- **Work order**: Please make an exact copy of the lines from the one holding "The Flags and" through the end of the data, both ends included, with no pictures.

- **Source material**:
┌──

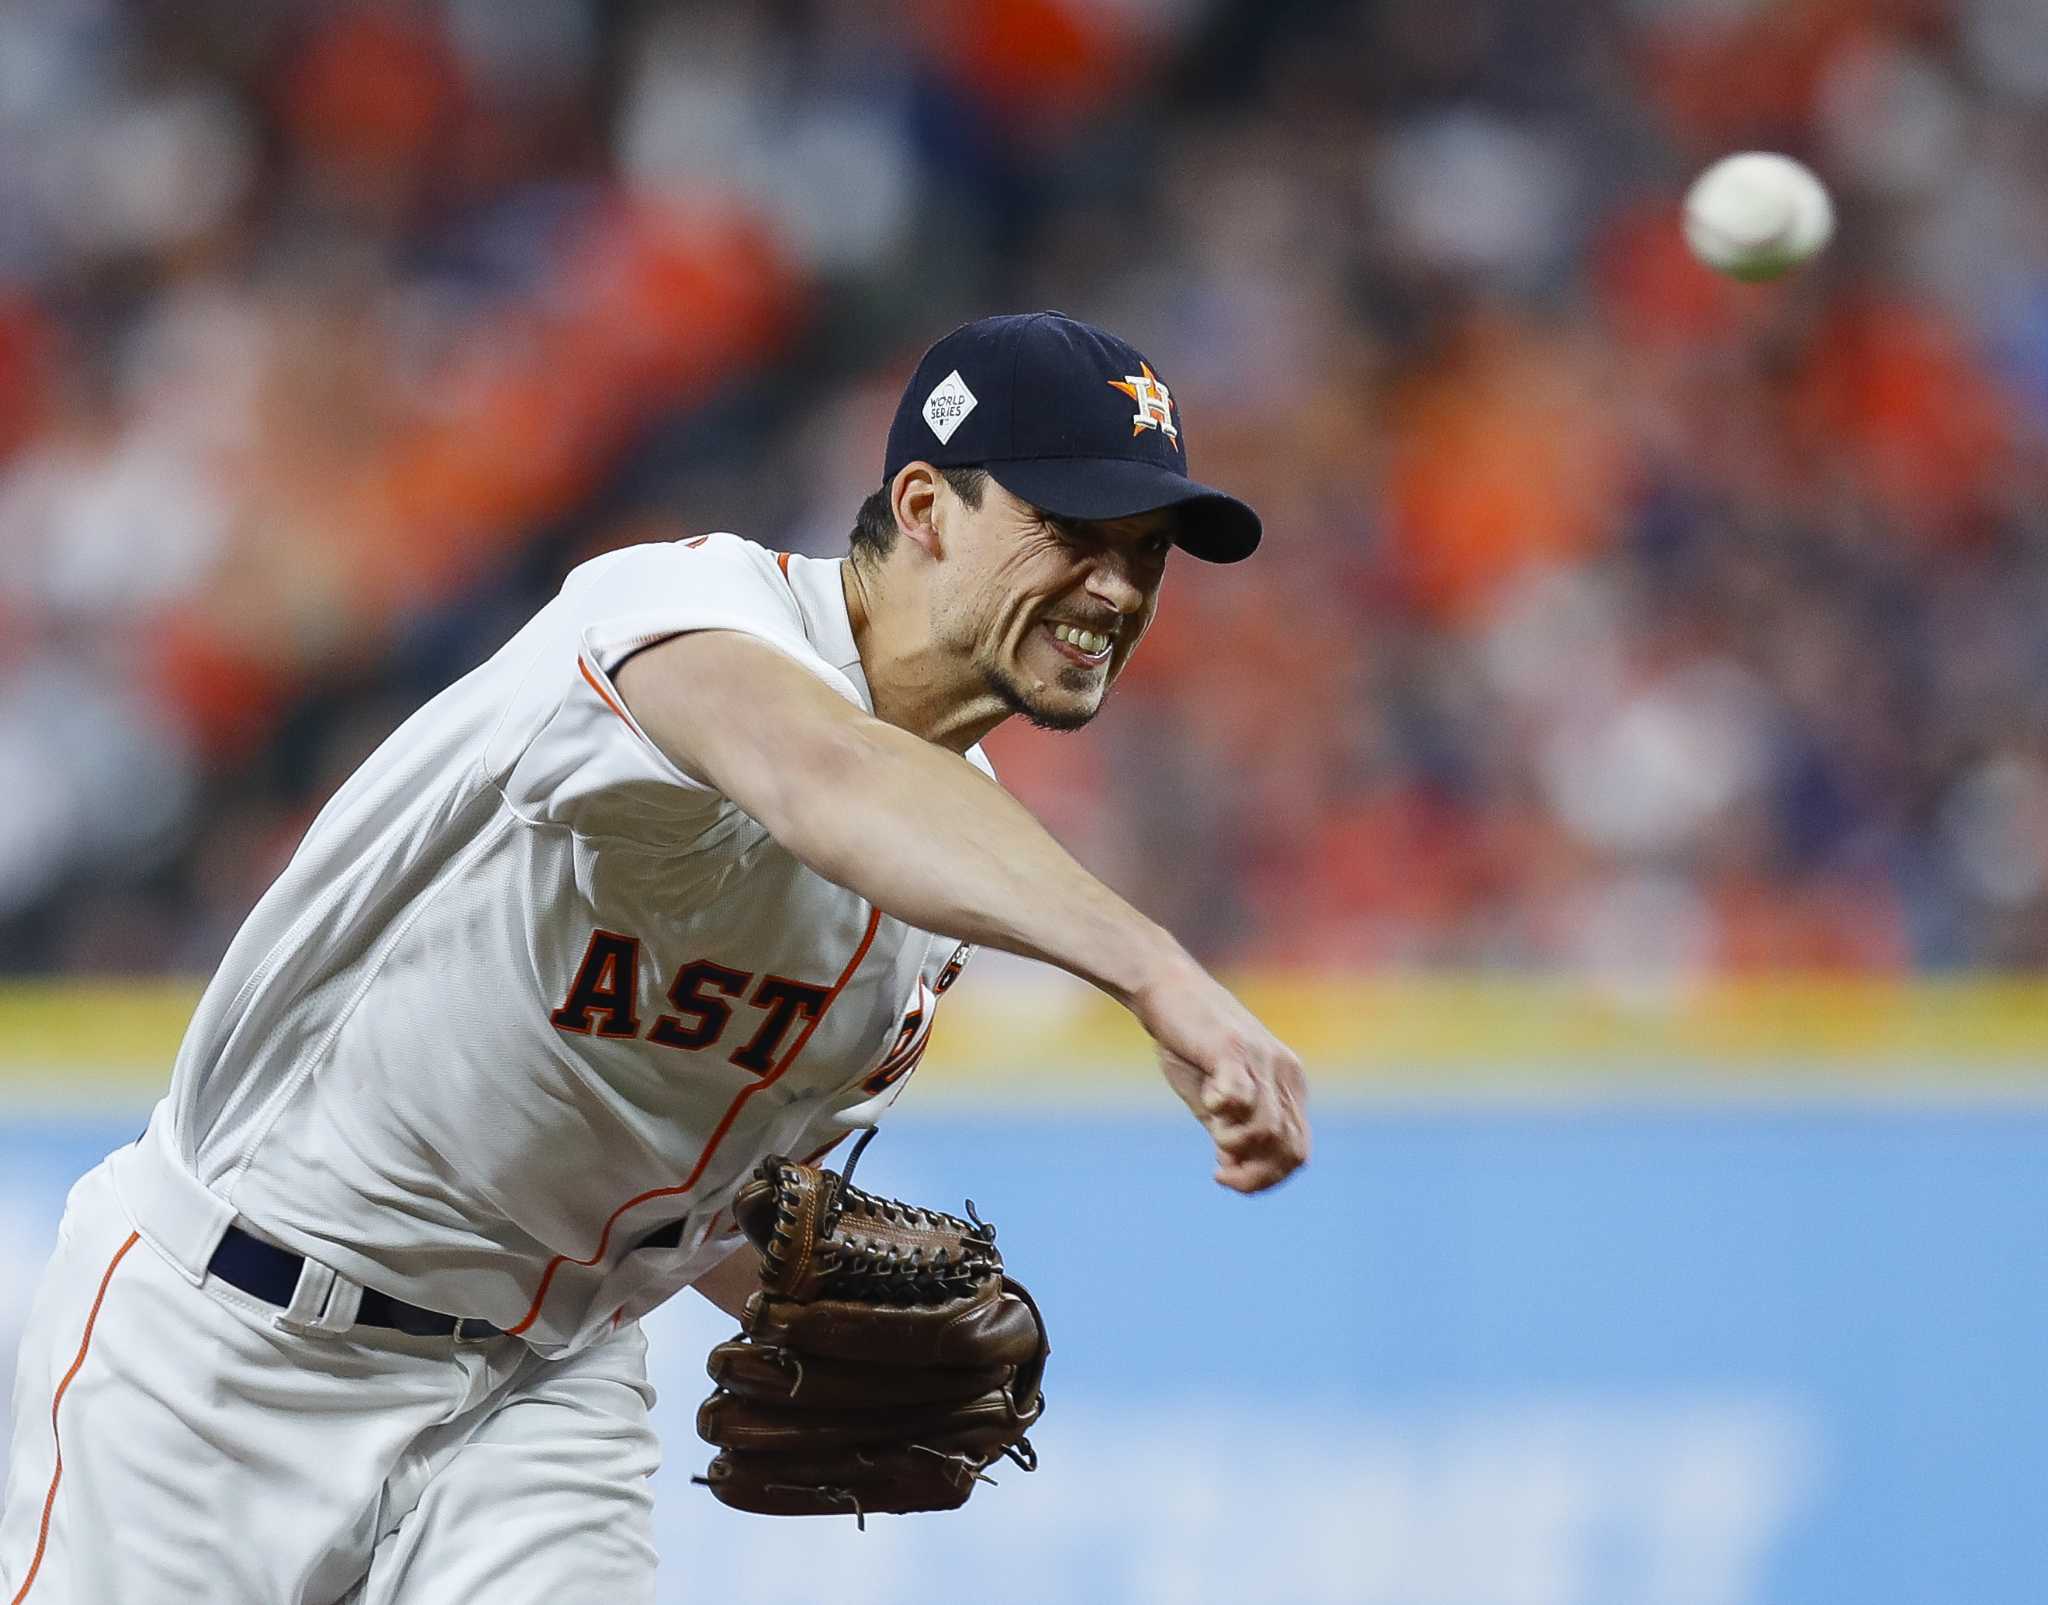 Phillies pitcher Charlie Morton solid in start against Astros – The
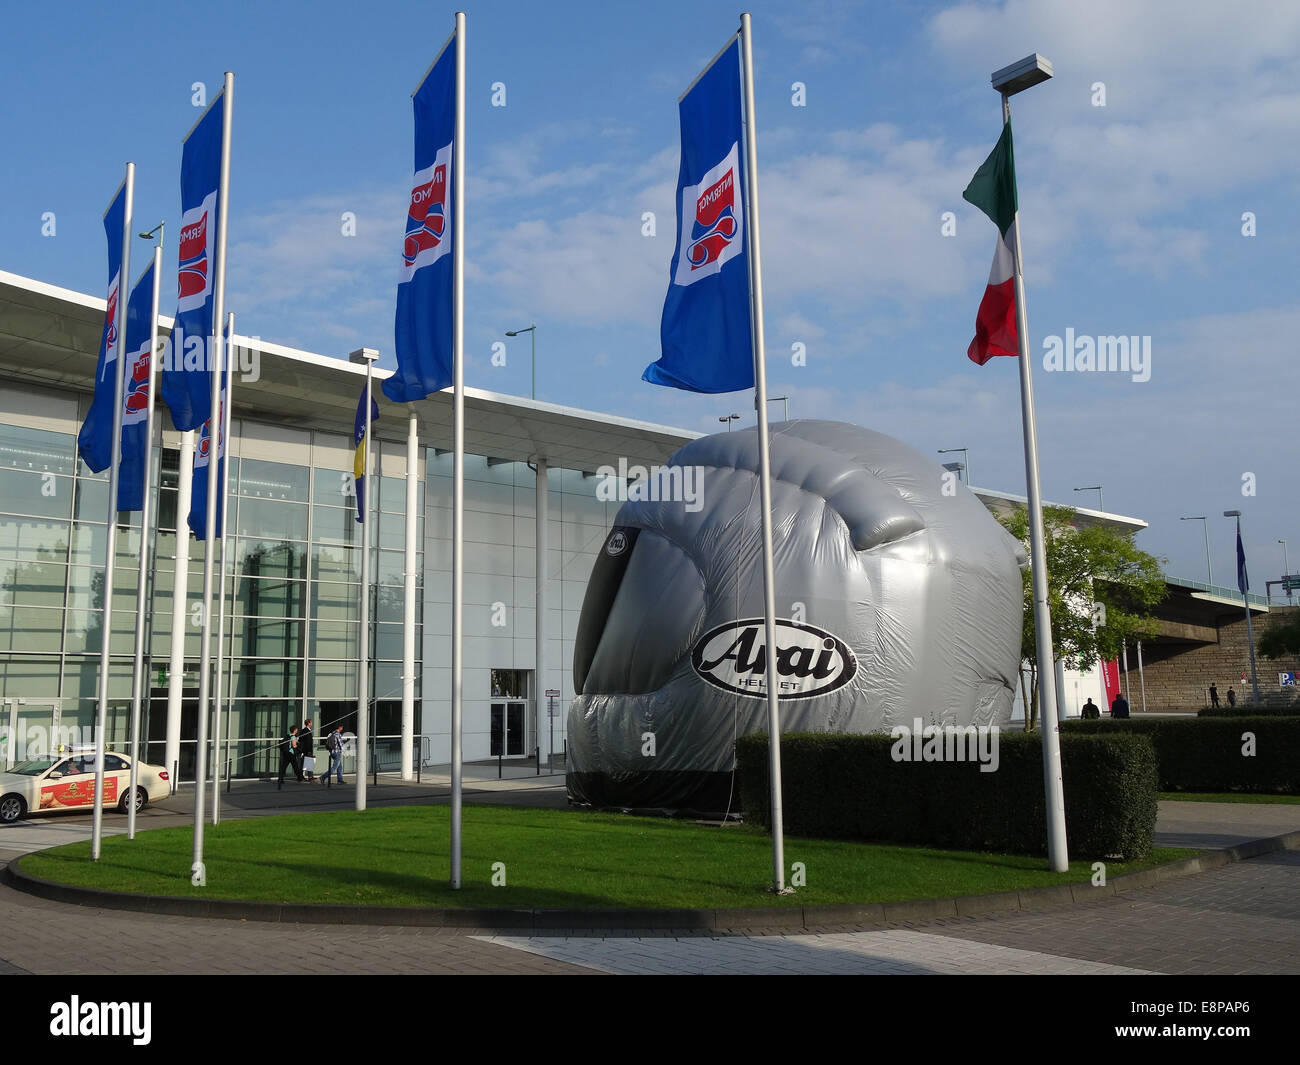 The Flags and the Head Shelter to Intermot 2014 in front of the Fair Halls in Cologne Stock Photo
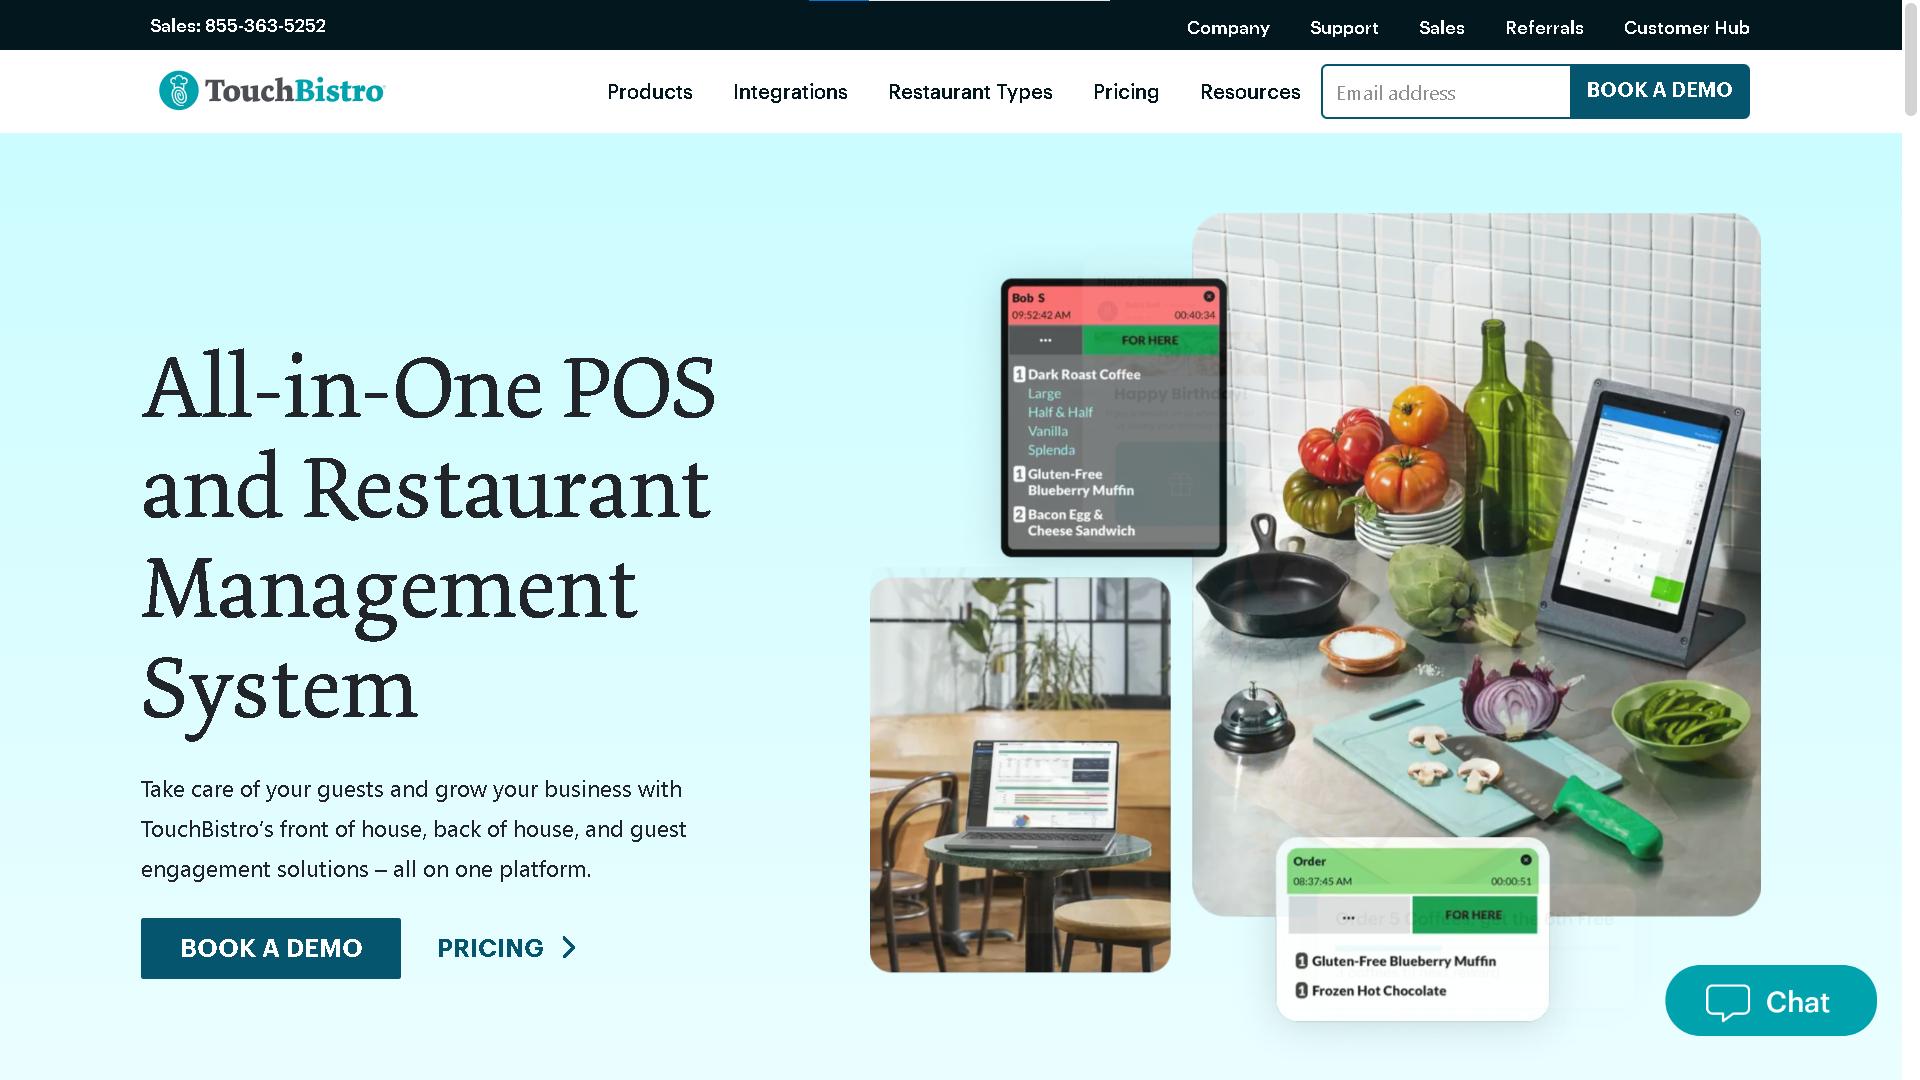 touchbistro tablet pos main page

└──

- **Output**:
 The Flags and the Head Shelter to Intermot 2014 in front of the Fair Halls in Cologne Stock Photo
 touchbistro tablet pos main page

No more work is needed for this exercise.